Let the vectors $\vec{a}$ and $\vec{b}$ be such that $|\vec{a}|=3$ and $|\vec{b}|=\frac{\sqrt{2}}{3}$, then $\vec{a} \times \vec{b}$ is a unit vector, if the angle between $\vec{a}$ and $\vec{b}$ is
(A) $\frac{\pi}{6}$
(B) $\frac{\pi}{4}$
(C) $\frac{\pi}{3}$
(D) $\frac{\pi}{2}$
It is given that $|\vec{a}|=3$ and $|\vec{b}|=\frac{\sqrt{2}}{3}$.

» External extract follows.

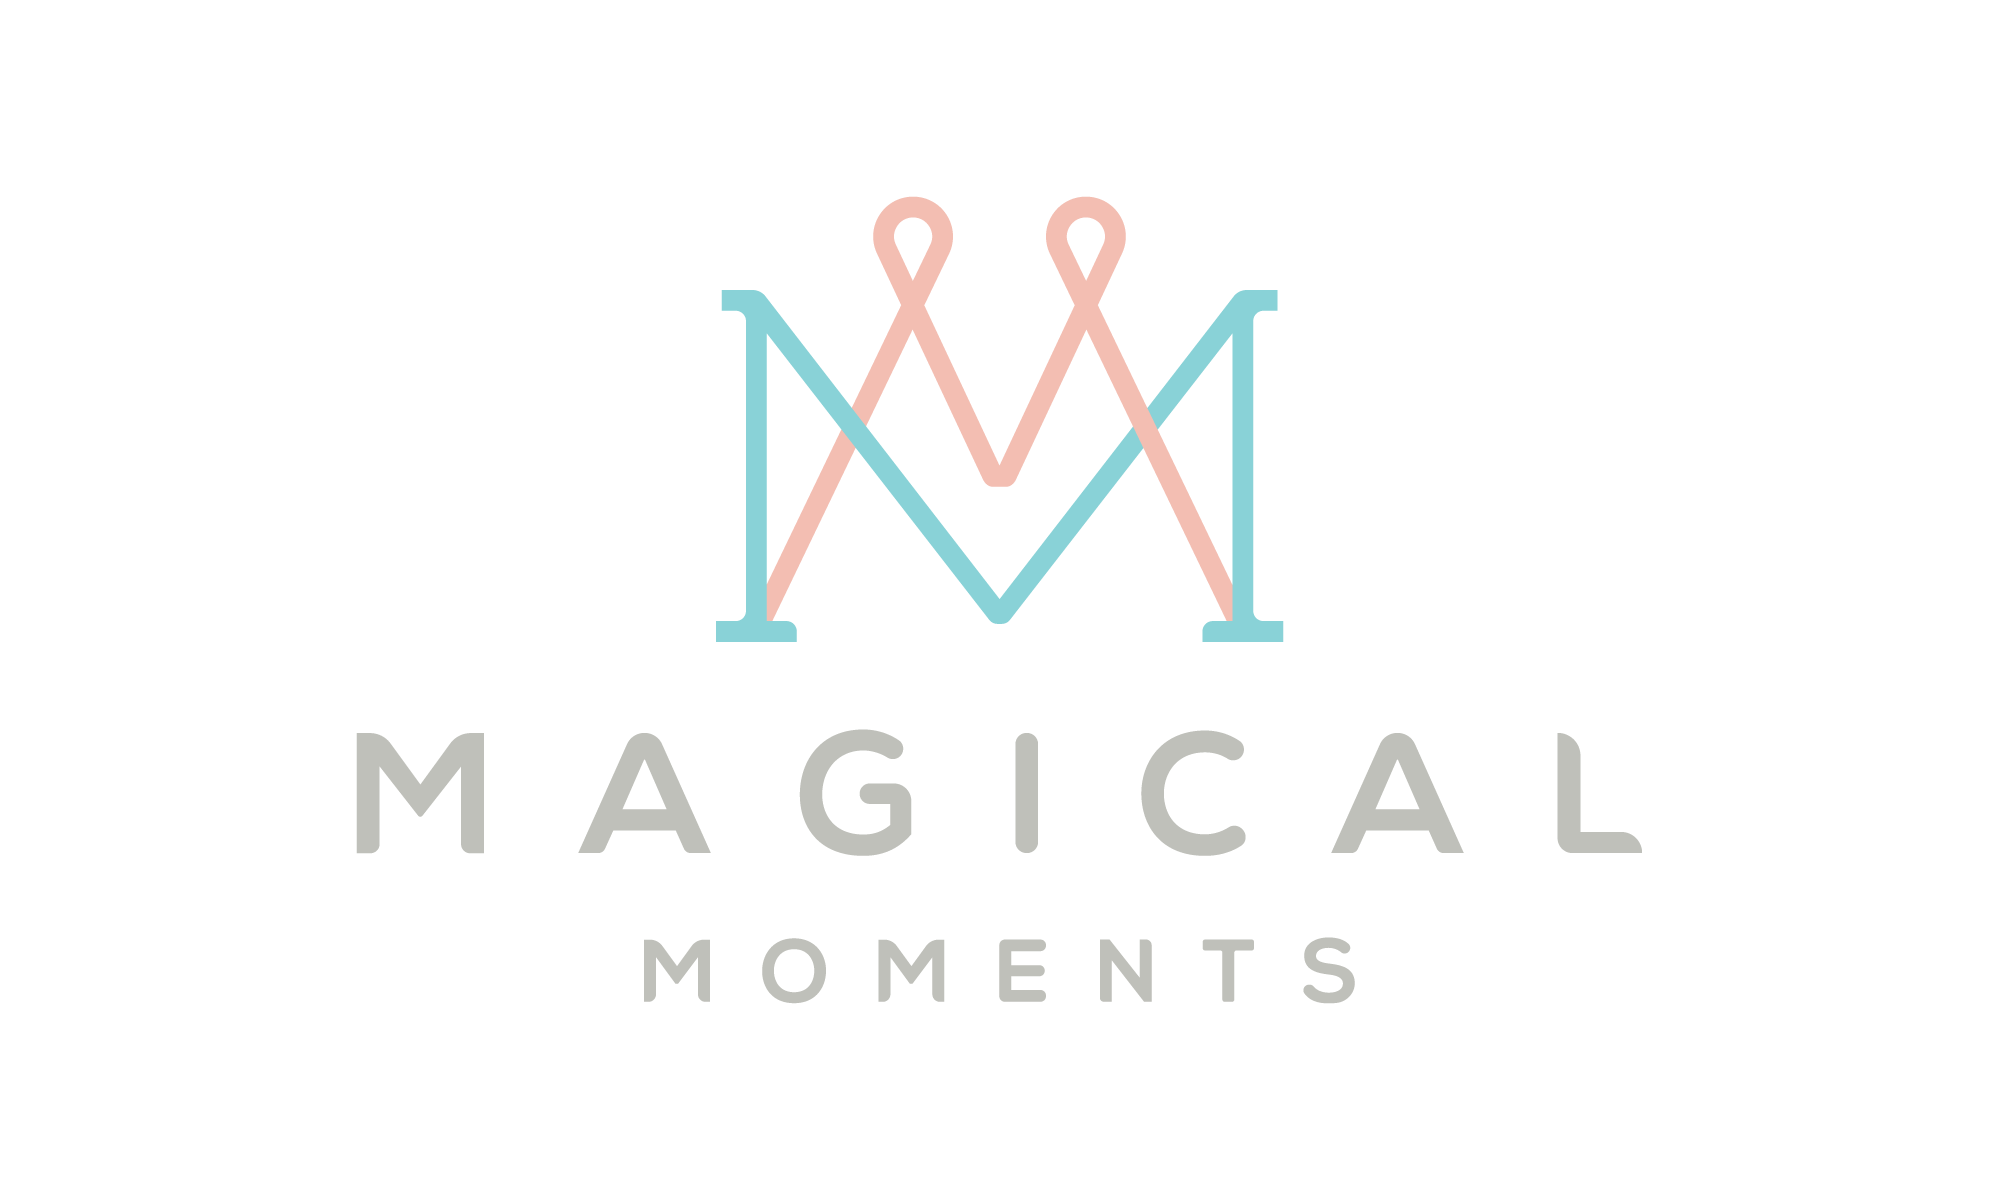 Magical Moments

We know that $\vec{a} \times \vec{b}=|\vec{a}||\vec{b}| \sin \theta \hat{n}$, where $\hat{n}$ is a unit vector perpendicular to both $\vec{a}$ and $\vec{b}$ and $\theta$ is the angle between $\vec{a}$ and $\vec{b}$.
Now, $\vec{a} \times \vec{b}$ is a unit vector if $|\vec{a} \times \vec{b}|=1$.
$|\vec{a} \times \vec{b}|=1$
$\Rightarrow|\vec{a}||\vec{b}| \sin \theta \hat{n} \mid=1$
$\Rightarrow|\vec{a}||\vec{b}||\sin \theta|=1$
$\Rightarrow 3 \times \frac{\sqrt{2}}{3} \times \sin \theta=1$
$\Rightarrow \sin \theta=\frac{1}{\sqrt{2}}$
$\Rightarrow \theta=\frac{\pi}{4}$
Hence, $\vec{a} \times \vec{b}$ is a unit vector if the angle between $\vec{a}$ and $\vec{b}$ is $\frac{\pi}{4}$.
The correct answer is B.